Files
mcp/RUNBOOK.md
Kyle Isom ea8a42a696 P5.2 + P5.3: Bootstrap docs, README, and RUNBOOK
- docs/bootstrap.md: step-by-step bootstrap procedure with lessons
  learned from the first deployment (NixOS sandbox issues, podman
  rootless setup, container naming, MCR auth workaround)
- README.md: quick-start guide, command reference, doc links
- RUNBOOK.md: operational procedures for operators (health checks,
  common operations, unsealing metacrypt, cert renewal, incident
  response, disaster recovery, file locations)

Co-Authored-By: Claude Opus 4.6 (1M context) <noreply@anthropic.com>
2026-03-26 15:32:22 -07:00

7.4 KiB

MCP Runbook

Operational procedures for the Metacircular Control Plane. Written for operators at 3 AM.

Service Overview

MCP manages container lifecycle on Metacircular nodes. Two components:

  • mcp-agent — systemd service on each node (rift). Manages containers via rootless podman, stores registry in SQLite, monitors for drift.
  • mcp — CLI on the operator's workstation (vade). Pushes desired state, queries status.

Health Checks

Quick status

mcp status

Shows all services, desired vs observed state, drift, and recent events. No drift = healthy.

Agent process

ssh rift "doas systemctl status mcp-agent"
ssh rift "doas journalctl -u mcp-agent --since '10 min ago' --no-pager"

Individual service

mcp status metacrypt

Common Operations

Check what's running

mcp ps          # live check with uptime
mcp list        # from registry (no runtime query)
mcp status      # full picture with drift and events

Restart a service

mcp restart metacrypt

Restarts all components. Does not change the active flag. Metacrypt will need to be unsealed after restart.

Stop a service

mcp stop metacrypt

Sets active = false in the service definition file and stops all containers. The agent will not restart them.

Start a stopped service

mcp start metacrypt

Sets active = true and starts all containers.

Deploy an update

Edit the service definition to update the image tag, then deploy:

mcp service edit metacrypt    # opens in $EDITOR
mcp deploy metacrypt          # deploys all components
mcp deploy metacrypt/web      # deploy just the web component

Push a config file to a node

mcp push metacrypt.toml metacrypt               # → /srv/metacrypt/metacrypt.toml
mcp push cert.pem metacrypt certs/cert.pem      # → /srv/metacrypt/certs/cert.pem

Pull a file from a node

mcp pull metacrypt metacrypt.toml ./local-copy.toml

Sync desired state

Push all service definitions to the agent without deploying:

mcp sync

View service definition

mcp service show metacrypt    # from agent registry
cat ~/.config/mcp/services/metacrypt.toml  # local file

Export service definition from agent

mcp service export metacrypt

Writes the agent's current spec to the local service definition file.

Unsealing Metacrypt

Metacrypt starts sealed after any restart.
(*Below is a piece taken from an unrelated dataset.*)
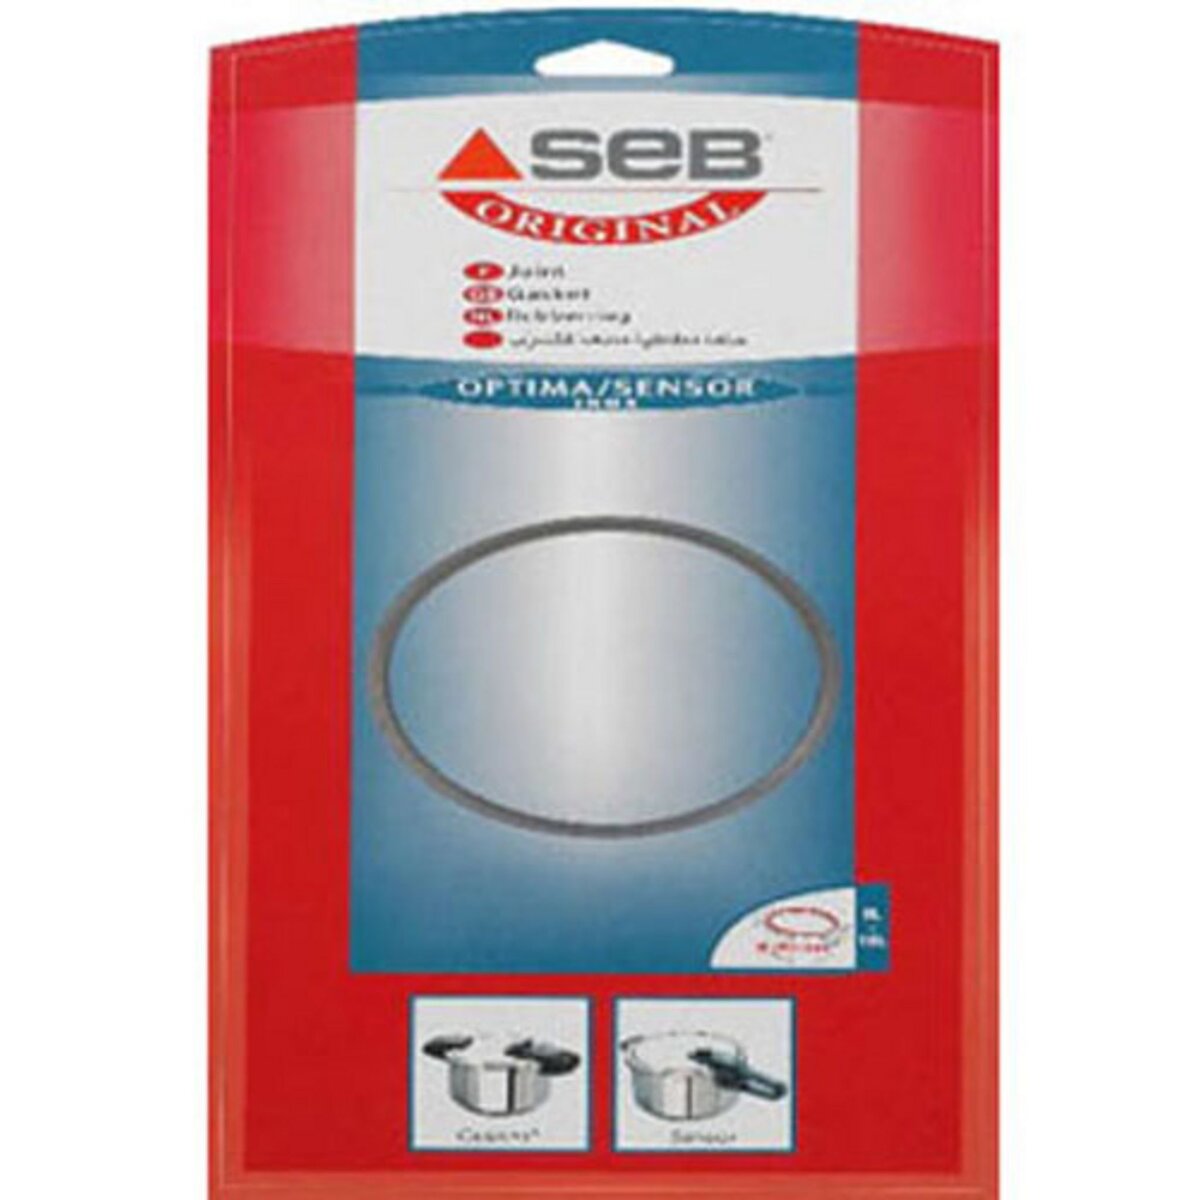 Seb SEB980158 Auto Cuiseur Joint Joint pour Autocuiseur Seb

Unseal via the API:

curl -sk -X POST https://metacrypt.svc.mcp.metacircular.net:8443/v1/unseal \
  -H "Content-Type: application/json" \
  -d '{"password":"<unseal-password>"}'

Or via the web UI at https://metacrypt.svc.mcp.metacircular.net.

Important: Restarting metacrypt-api requires unsealing. To avoid this when updating just the UI, deploy only the web component:

mcp deploy metacrypt/web

Agent Management

Restart the agent

ssh rift "doas systemctl restart mcp-agent"
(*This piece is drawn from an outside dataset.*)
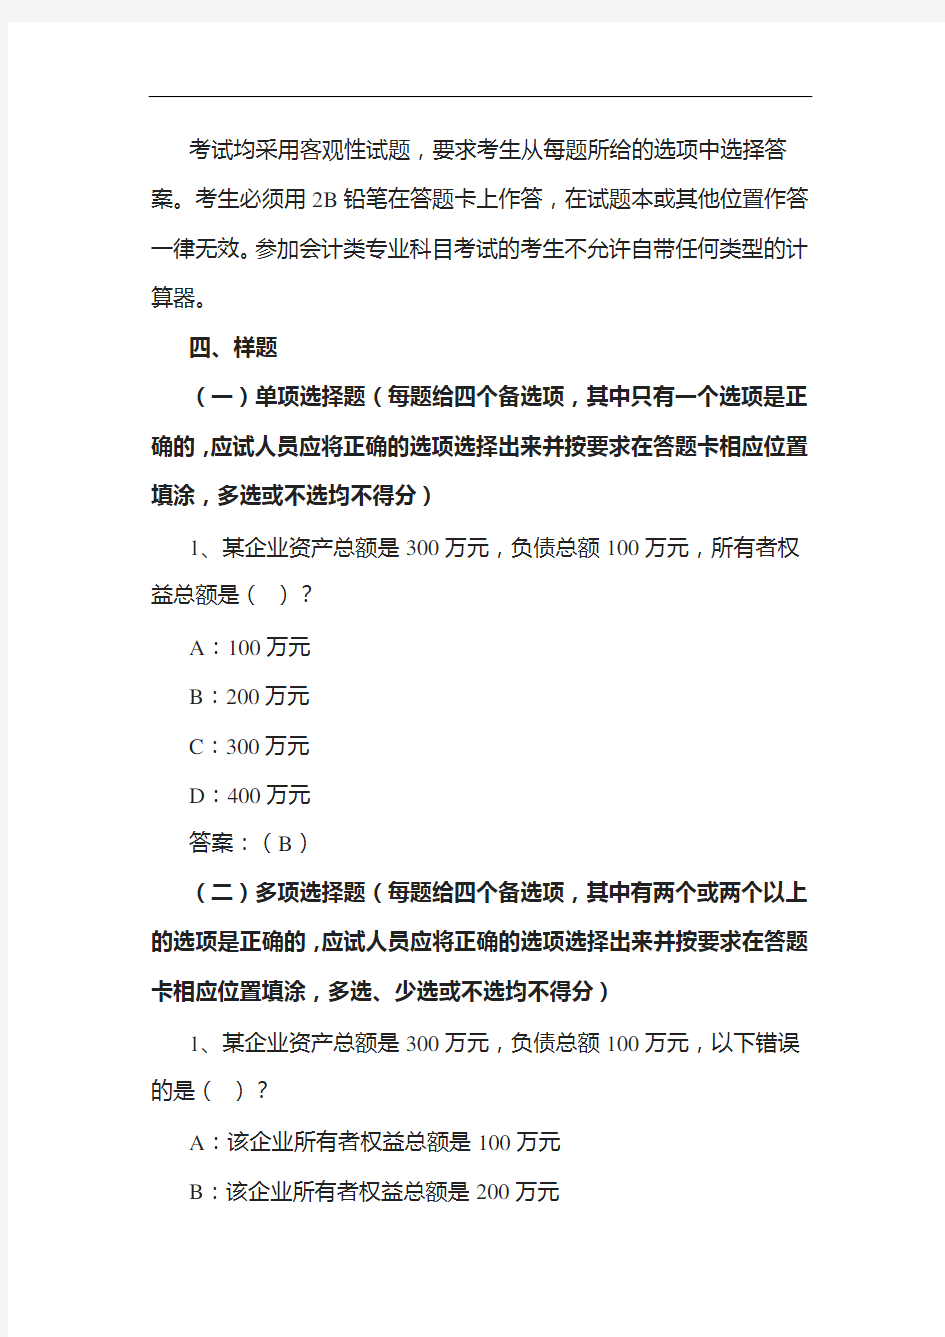 2021年度中国证监会招考职位专业科目笔试考试大纲(会计类)

Containers keep running — the agent is stateless w.r.t. container lifecycle. Podman's restart policy keeps containers up.

View agent logs

ssh rift "doas journalctl -u mcp-agent -f"            # follow
ssh rift "doas journalctl -u mcp-agent --since today"  # today's logs

Agent database backup

ssh rift "doas -u mcp /usr/local/bin/mcp-agent snapshot --config /srv/mcp/mcp-agent.toml"

Backups go to /srv/mcp/backups/.

Update the agent binary

# On vade, in the mcp repo:
make clean && make mcp-agent
scp mcp-agent rift:/tmp/
ssh rift "doas systemctl stop mcp-agent && \
  doas cp /tmp/mcp-agent /usr/local/bin/mcp-agent && \
  doas systemctl start mcp-agent"

Update the CLI binary

make clean && make mcp
cp mcp ~/.local/bin/

Node Management

List nodes

mcp node list

Add a node

mcp node add <name> <address:port>

Remove a node

mcp node remove <name>

TLS Certificate Renewal

The agent's TLS cert is at /srv/mcp/certs/cert.pem. Check expiry:

ssh rift "openssl x509 -in /srv/mcp/certs/cert.pem -noout -enddate"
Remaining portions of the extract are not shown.